#### Work item
Transcribe the listing below exactly, leaving out each image.

#### Information provided
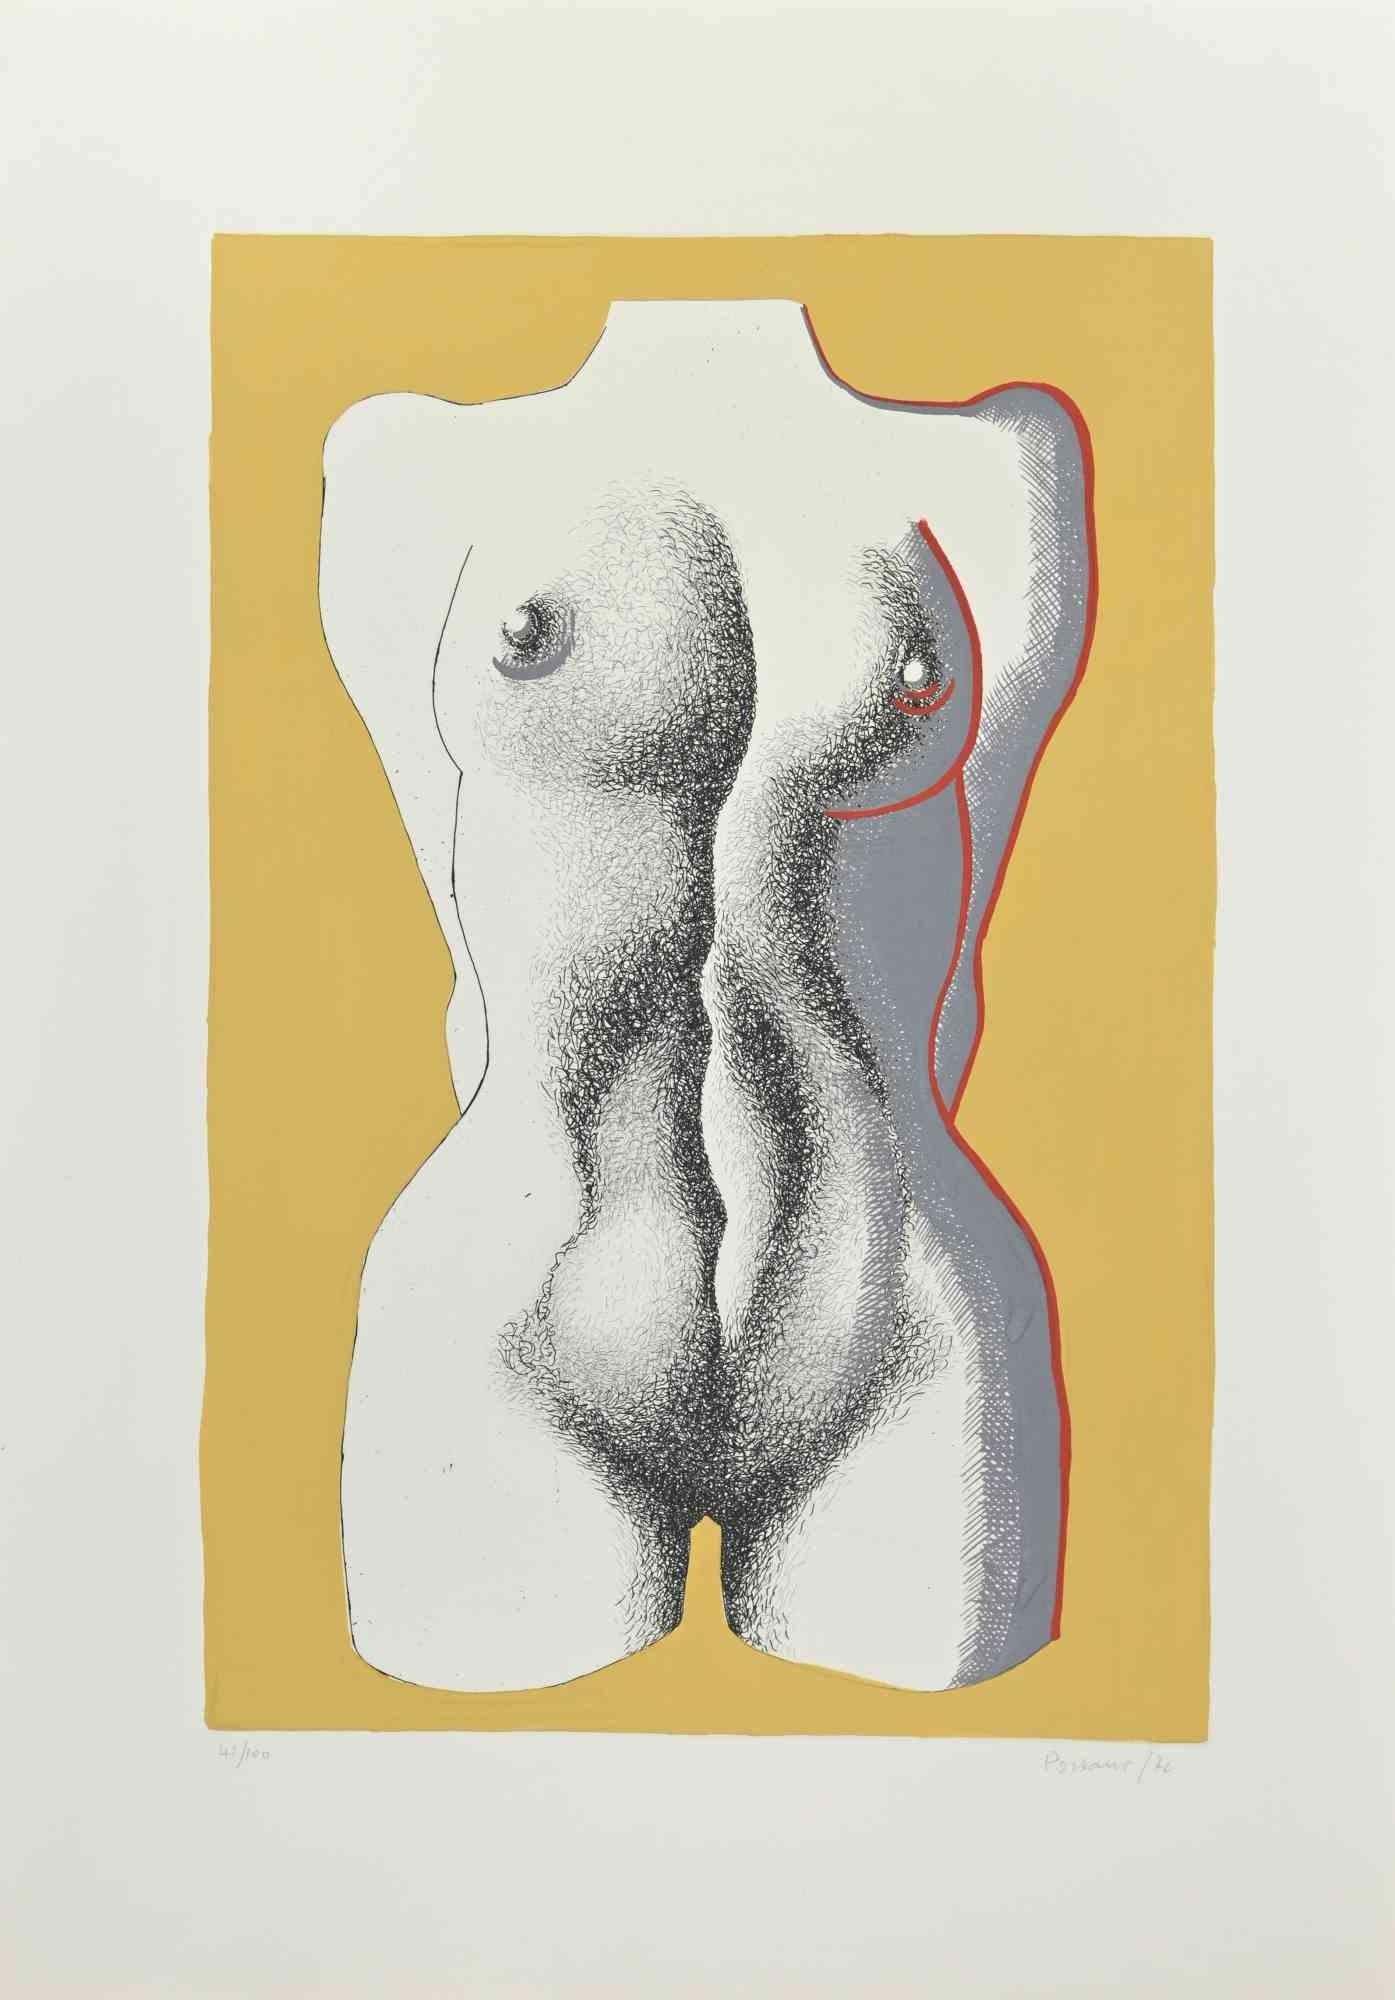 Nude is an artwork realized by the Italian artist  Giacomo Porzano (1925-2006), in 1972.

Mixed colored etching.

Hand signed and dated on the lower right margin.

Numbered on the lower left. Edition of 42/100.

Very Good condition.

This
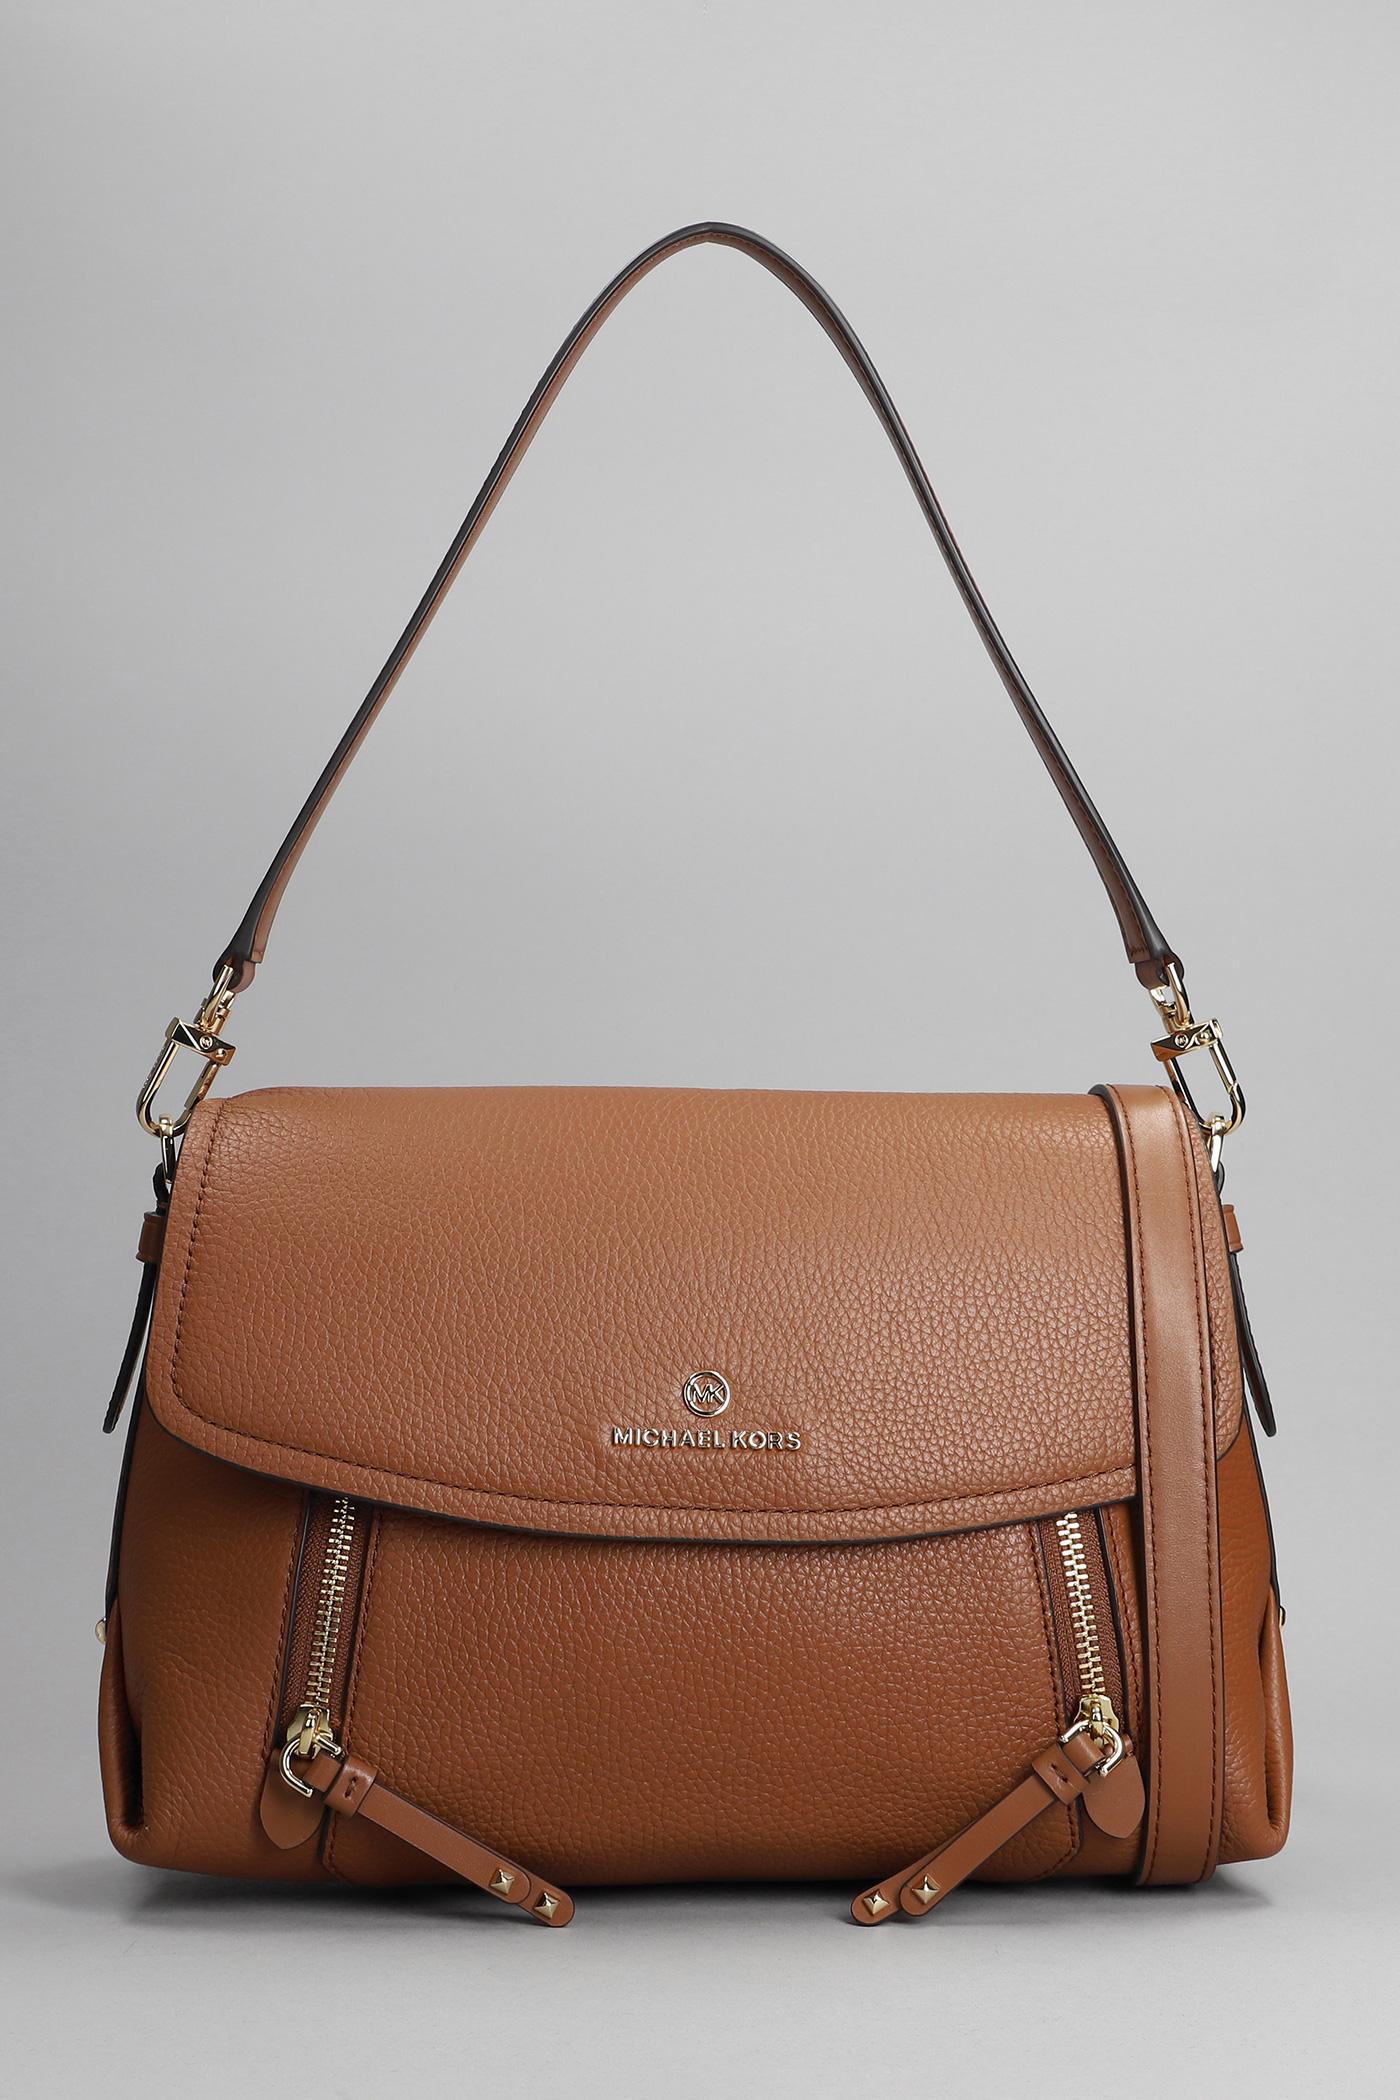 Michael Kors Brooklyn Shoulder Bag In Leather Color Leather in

#### Answer for the task
 Nude is an artwork realized by the Italian artist  Giacomo Porzano (1925-2006), in 1972.

Mixed colored etching.

Hand signed and dated on the lower right margin.

Numbered on the lower left. Edition of 42/100.

Very Good condition.

This
 Michael Kors Brooklyn Shoulder Bag In Leather Color Leather in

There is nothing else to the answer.